Students in Lisa Assante’s Guest Services course remarked, “This was truly a service-learning class. We were able to get hands-on experience in the industry while learning objectives and using materials taught in the classroom.” That her students can so easily define service-learning speaks volumes to the expectations Assante places upon her classes, and she favors projects that develop over the course of a semester and with her students’ increasing knowledge on the topic at hand.

During the 2009-10 school year, students in Assante’s course have worked with Ruby’s Inn outside Bryce Canyon National Park to develop a training and development workshop as well as a complete business analysis of the resort. Another of her classes spent the semester planning and executing all the elements of a full-course benefit dinner to honor the region’s war veterans.

In her time at SUU, Assante has pushed service-learning forward and now teaches two official service-learning courses within the School of Business.


Laura Cotts, assistant professor of physical sciences

As a physics professor, Laura Cotts strives to make a subject that many may consider mundane fun and interesting. Her brilliance is that Professor Cotts does this without sacrificing the rigorous academic standards to which she holds all her students.

In her lab classes, Cotts’ students work in teams to design a science lesson they will then present in local elementary school classrooms. IN addition to requiring their firm grasp of the topic at hand, this activity forces Cotts’ students to research various learning strategies for the physical sciences – helping each student find his or her own best way to learn all under the guise of coursework. Again and again, Professor Cotts’ students emerge from this activity with a more complete grasp of the topic at hand as well as with a stronger commitment to their own physics coursework. And though many students were initially skeptical about the project, Cotts reports, that “afterwards, the students were amazed at how much they and the children gained from the experience.”

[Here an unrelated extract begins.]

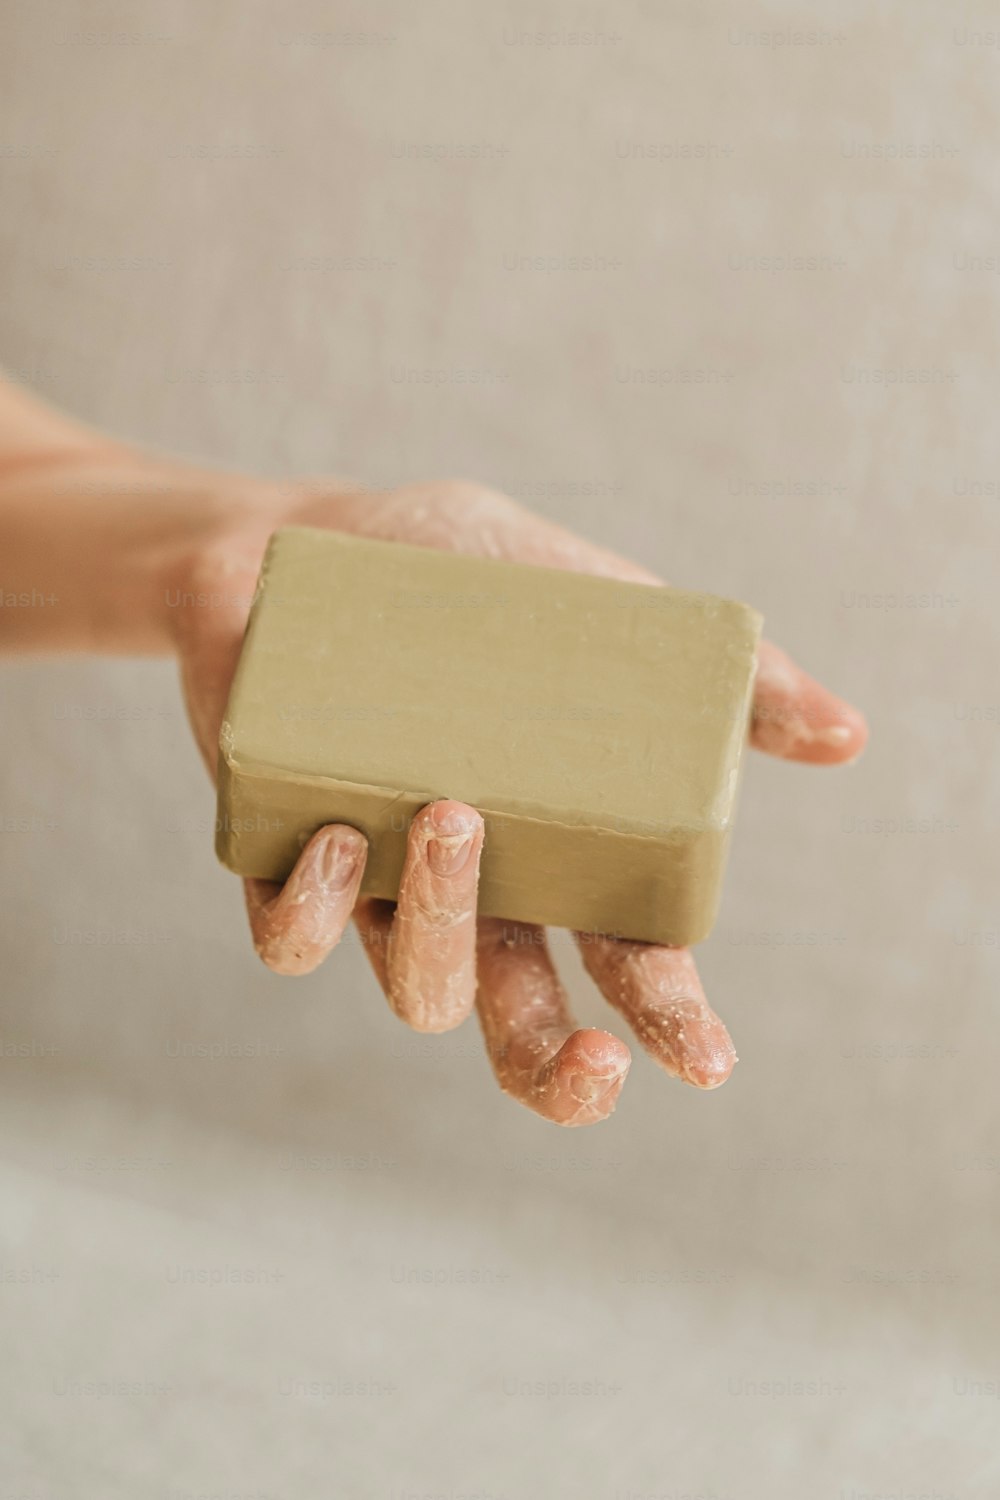 una persona sosteniendo una barra de jabón en la mano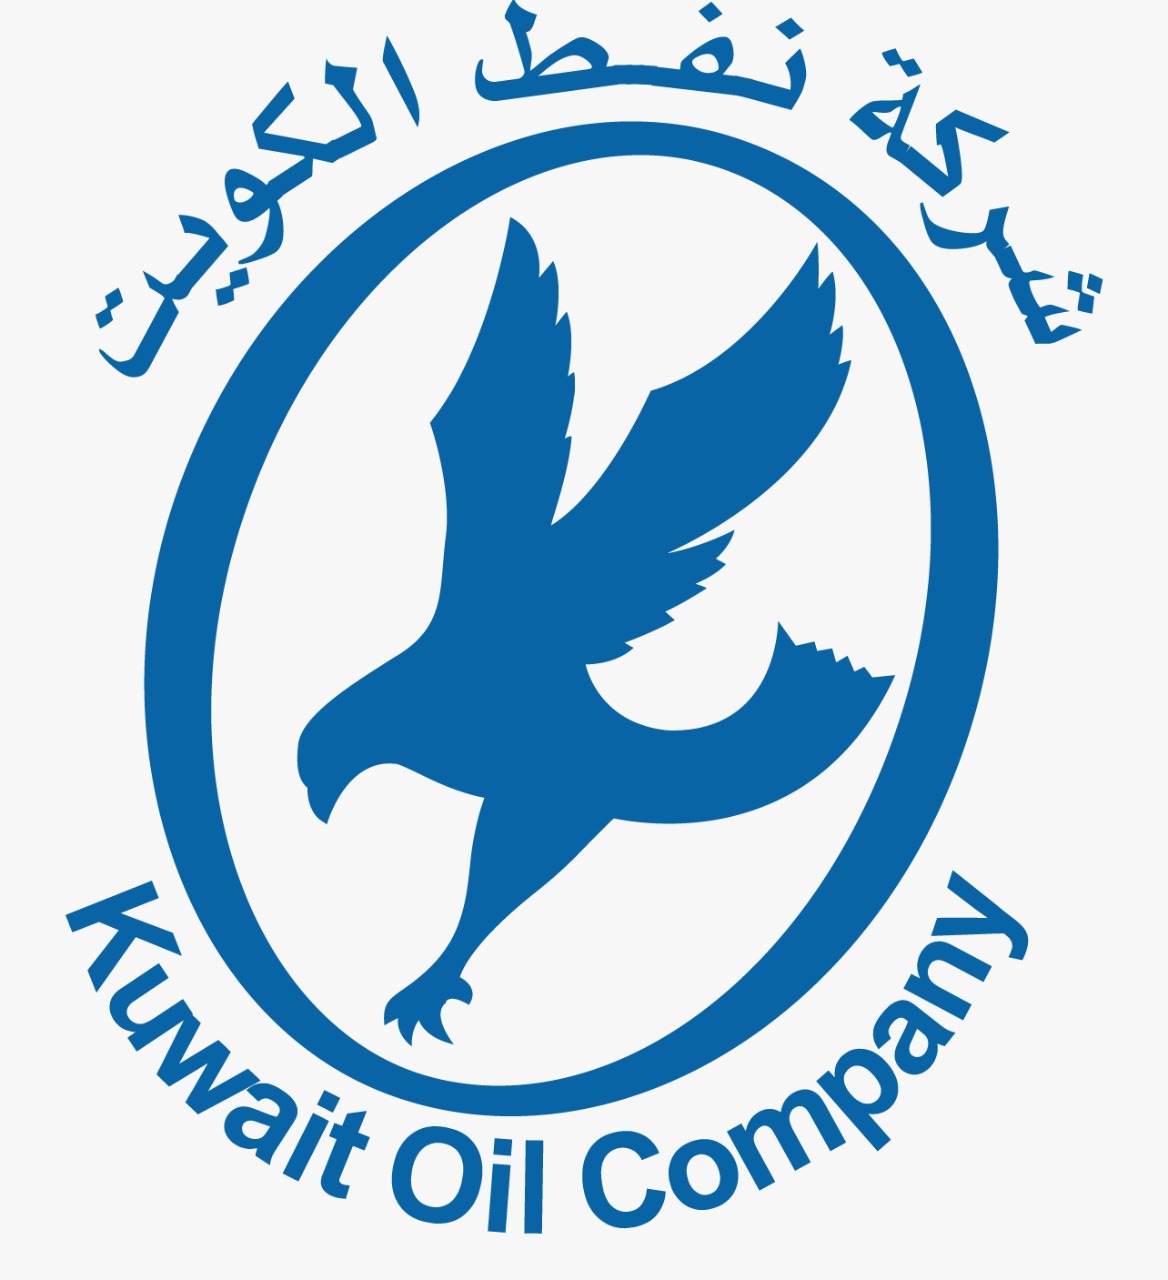 НИПТ на онлайн-сессии по порталу "eBusiness" Kuwait Oil Company

Jean Lopour, professor of physical education

Jean Lopour teaches by example, and from the first day, she models the skills she will soon require her students to employ.

With endless enthusiasm for both her academic subject matter as well as for the communities she and her students serve each semester as part of a “Special Rodeo,” Lopour’s adaptive physical education class provides local children with special needs a priceless afternoon of stick-horse barrel racing, dummy roping, bucking bale riding, goat petting and horseback riding. The special needs rodeo is a culmination of hard work by Lopour’s students who spend a semester preparing to host the young and eager stars of the most heart-warming rodeo Cedar City has ever seen.

Lopour expects her students to connect their service back to academic resources and readings that include analysis of impairments and the physical ability of individuals to overcome them. Ultimately, SUU students “begin to realize the impaired and disabled individuals are simply individuals with different strengths and weaknesses than the ‘normal’ population,” said Lopour. To Lopour, this lesson is priceless and is one that cannot be taught through homework assignments and in-class readings. She explains, “I can only teach content but the interaction with community members develops the human emotion of caring.”


Cindy Wright, professor of human nutrition

As a seasoned veteran to SUU’s campus, Dr. Wright knows first-hand how valuable service-learning can be for a student. Serving as a dean, department chair, and faculty member, Wright has shown imagination and persistence in integrating service-learning into the nutrition classes she teaches.

In her community nutrition course, students are expected to give food or nutrition-related service for at least 15 hours during the semester. You will find many of Wright’s students at local food shelters, preparing or cooking meals, delivering food to home-bound elderly in the community and collecting food donations. Each student must then also devise a project to promote nutrition education within the community. In addition to benefitting those people Wright’s students serve, these projects also force students to apply their new knowledge beyond their own perspective – a vital skill in a service-oriented field.

Wright also builds in group projects that allow students to learn from one another. According to Wright, “The students are passionate about their projects from the start, but you can see the growth and learning take place as they work together to execute their ideas.”


Shobha Gurung, assistant professor of sociology

Above all else, Shobha Gurung expects her students to consider the alternate realities in which those of different socioeconomic classes live. But instead of asking them to read about it or showing them video footage, Gurung strives to place her students amid those varied communities – providing a much more personal, emotional and honest look at these social constructs.

To do this, Gurung’s students volunteer time outside of the classroom to visit the Emerald Pointe Assisted Living Center and the Iron County Care and Share Shelter. While performing service, students also learn more about the impact of socioeconomic class on the retired community and the importance of social forces in shaping people’s choices and opportunities.

In summarizing service-learning Gurung states, “Service projects enable students to examine the lived realities of people’s lives and reflect on how they can personally help improve the community in which they reside.”


All five of these professors truly exemplify the goals of service-learning at SUU and are fitting appointments as this year’s Service-Learning Fellows. Their work continues to raise the bar across campus for unique academic opportunities that take students beyond the classroom and into the real worlds for which they are preparing themselves.